DATA SHOWN ->
Start of Block
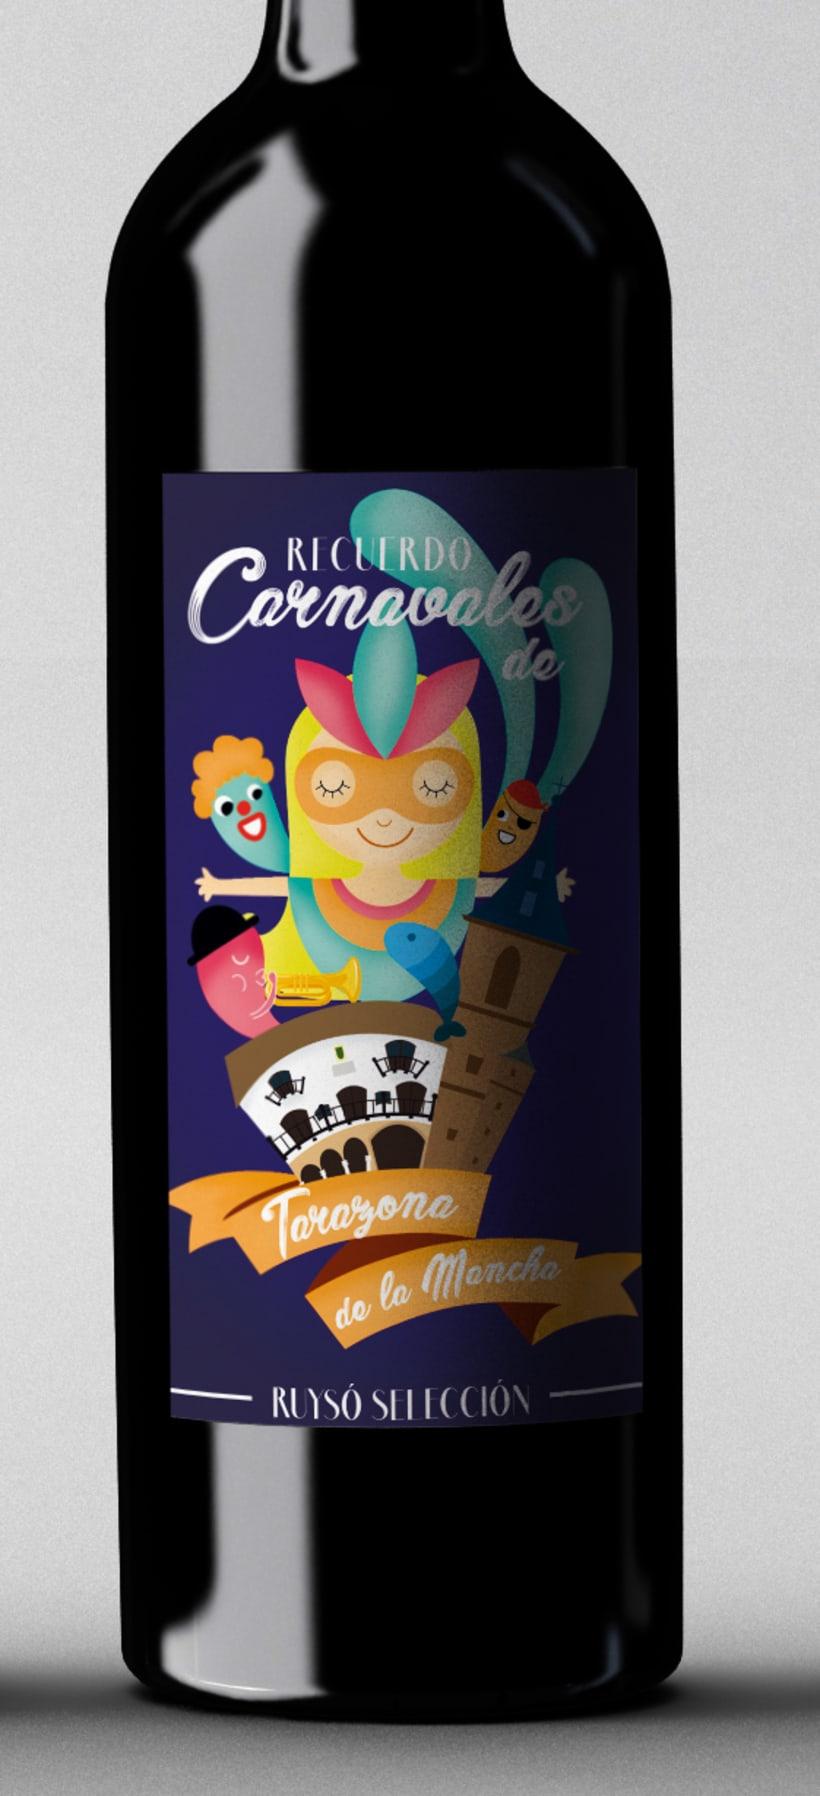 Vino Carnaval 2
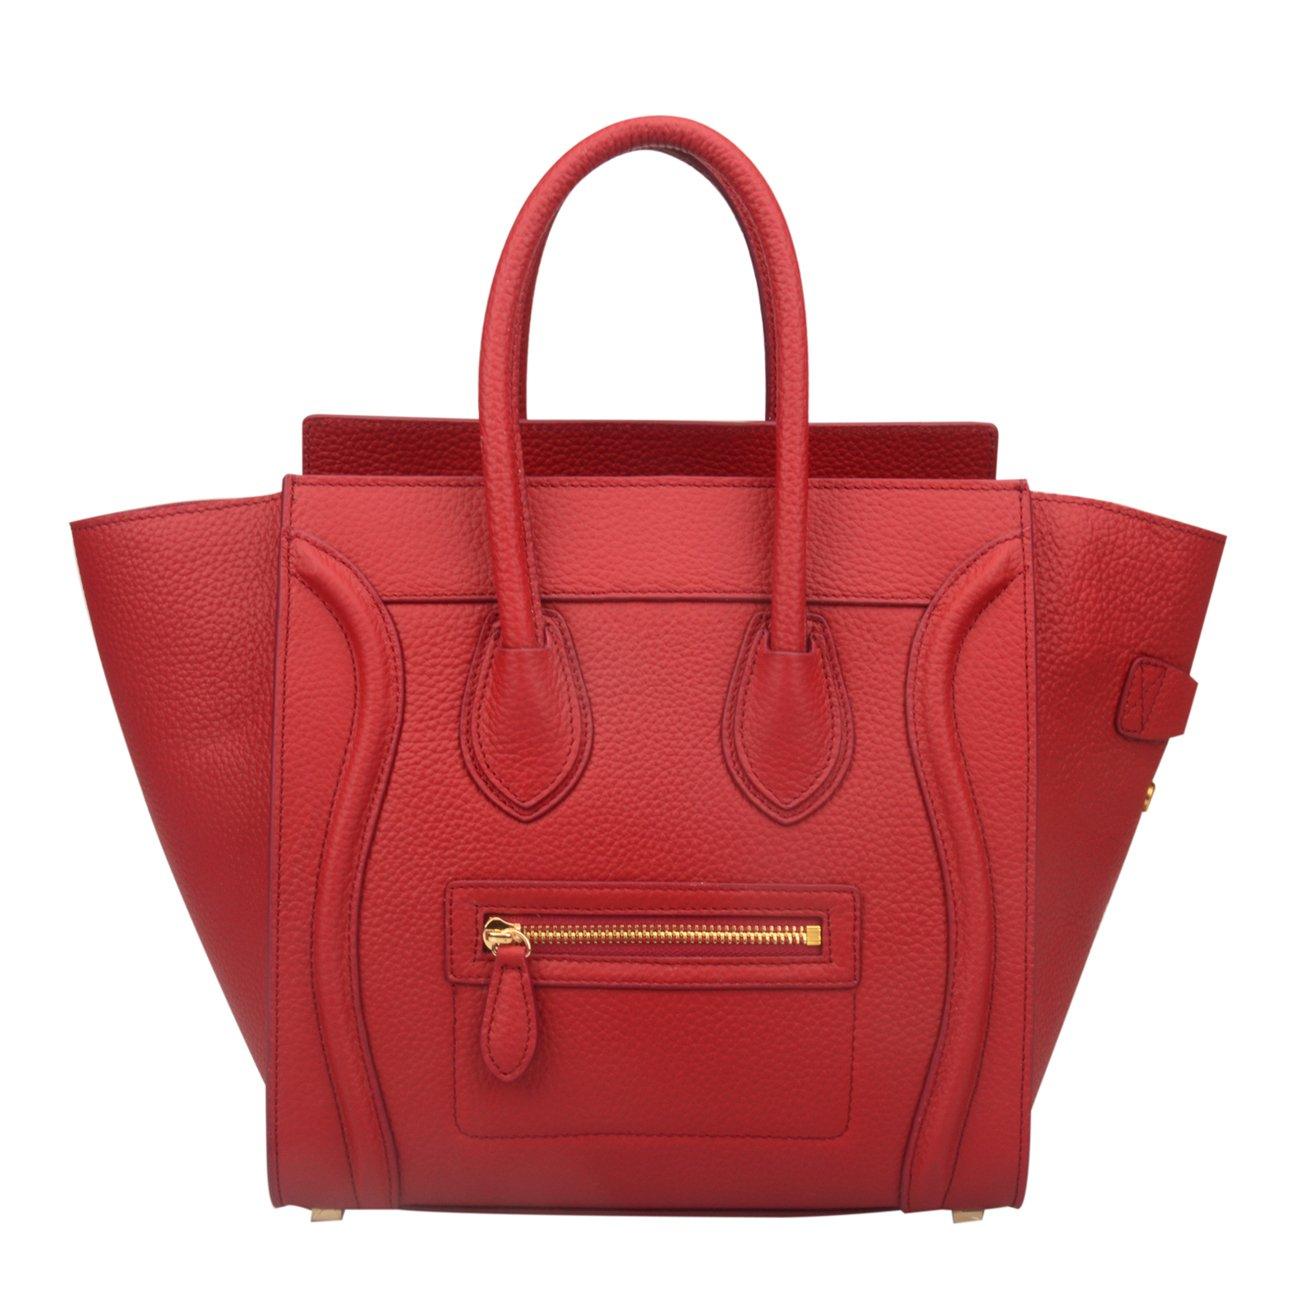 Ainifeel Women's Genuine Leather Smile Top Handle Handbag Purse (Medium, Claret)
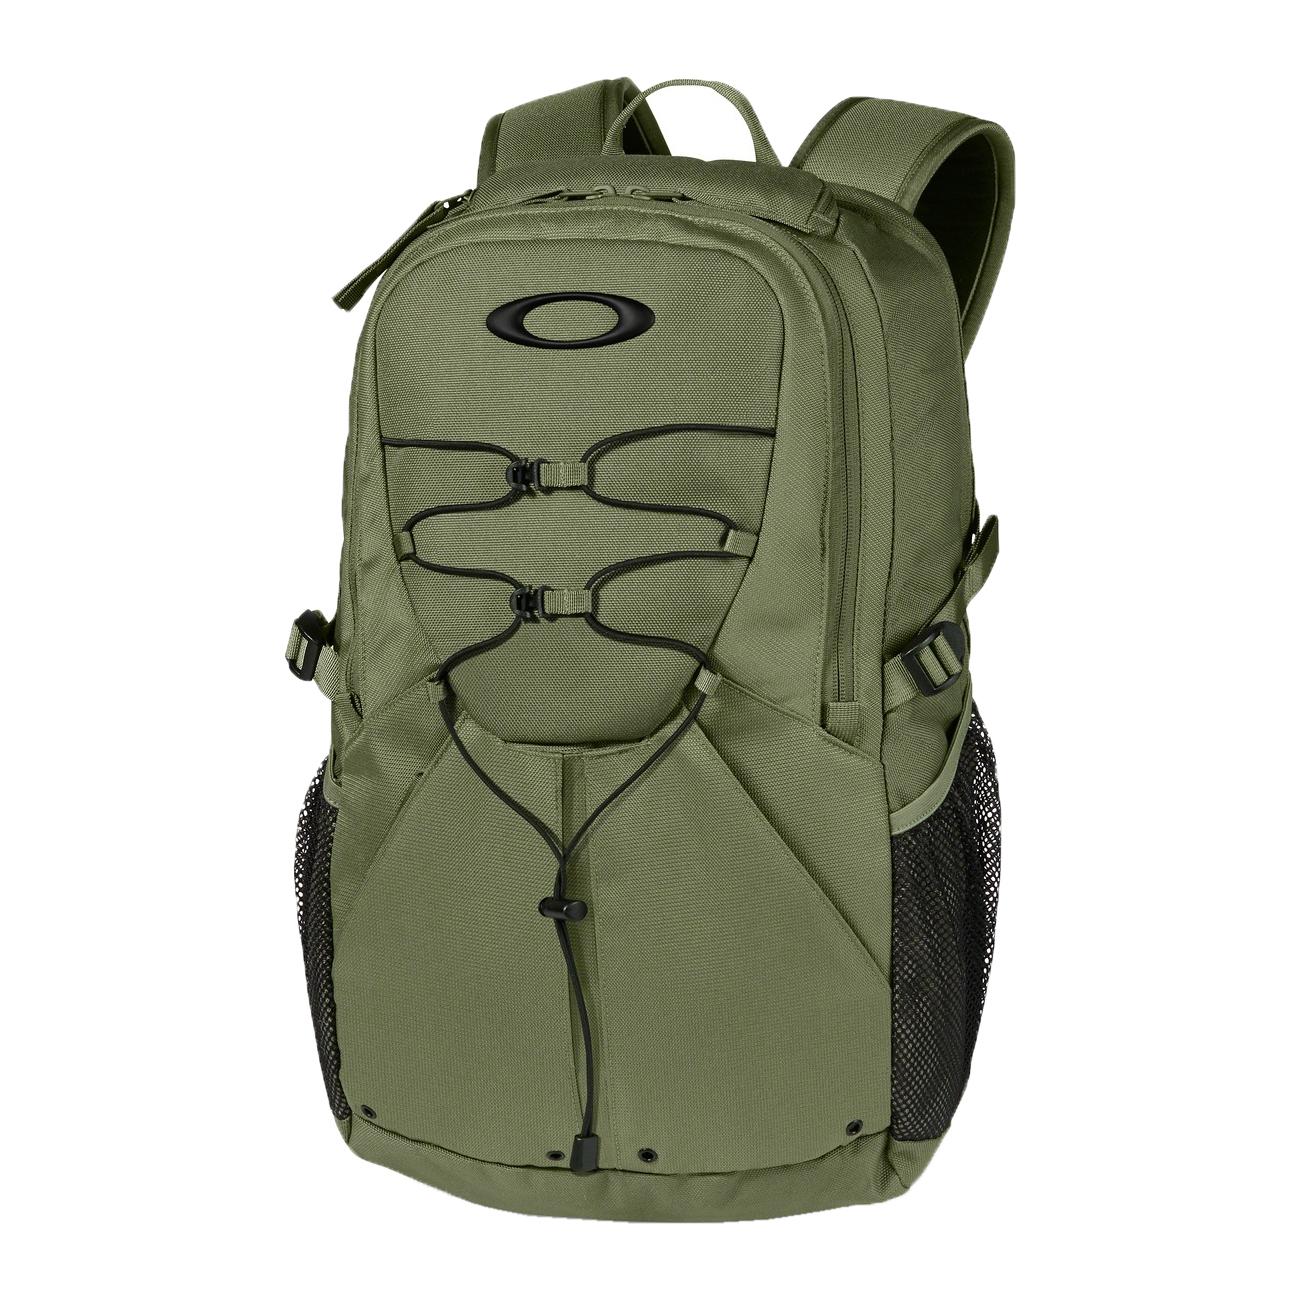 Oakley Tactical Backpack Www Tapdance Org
End of Block
EXERCISE AIM -> What is needed is every line of the data above, set down exactly but with the images left out.

RESPONSE BELOW ->
 Vino Carnaval 2
 Ainifeel Women's Genuine Leather Smile Top Handle Handbag Purse (Medium, Claret)
 Oakley Tactical Backpack Www Tapdance Org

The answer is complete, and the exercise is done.